Prep Time: 10 minutes
Cook Time: 20 minutes
Total Time: 30 minutes
- 1 pound boneless skinless chicken breast cut into 1 inch pieces (season chicken to your liking)
- 2 cups small broccoli florets
- 1 cup sliced mushrooms if you don’t like mushrooms you can add carrots or more broccoli.
- 2 teaspoons minced fresh ginger or Squeeze Ginger
- 1 teaspoon minced garlic
- 1/4 cup low sodium chicken broth
- 11/2 teaspoon soy sauce
- salt and pepper to taste
- Heat 1 table of olive oil in a large wok or frying pan over medium heat. Add the broccoli and mushrooms and cook for approximately 4 minutes or until vegetables are tender.
- Add the garlic to the pan and cook for 30 seconds more.
- Remove the vegetables from the pan; place them on a plate and cover.

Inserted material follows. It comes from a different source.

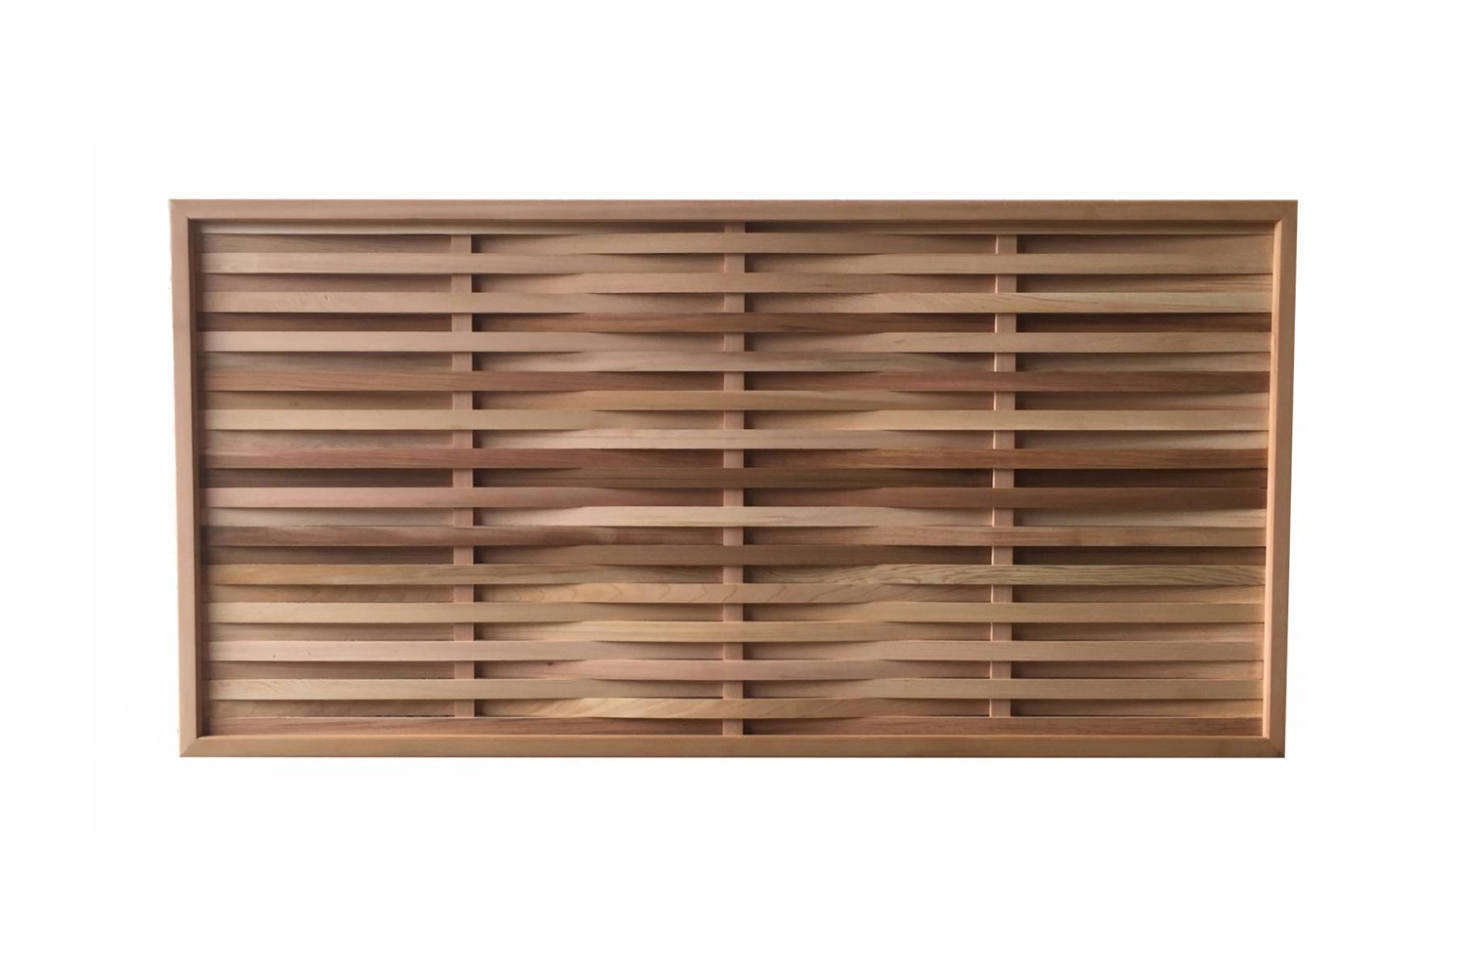 The Western Red Cedar Prestige Weave Panels are £163 to £344 atGarden Trellis Co.

- Wipe the pan clean with a paper towel and turn the heat to high. Add the remaining tablespoon of olive oil.
- Season the chicken pieces with salt and pepper and add them to the pan in a single layer. Cook for 3-4 minutes on each side until golden brown and cooked through.
- Add the vegetables back to the pan and cook for 2 more minutes or until the vegetables are warmed through.
- Add the soy sauce, ginger, and chicken broth, over the chicken and vegetables; cook for 30 seconds.
Serve immediately, with rice or noodles.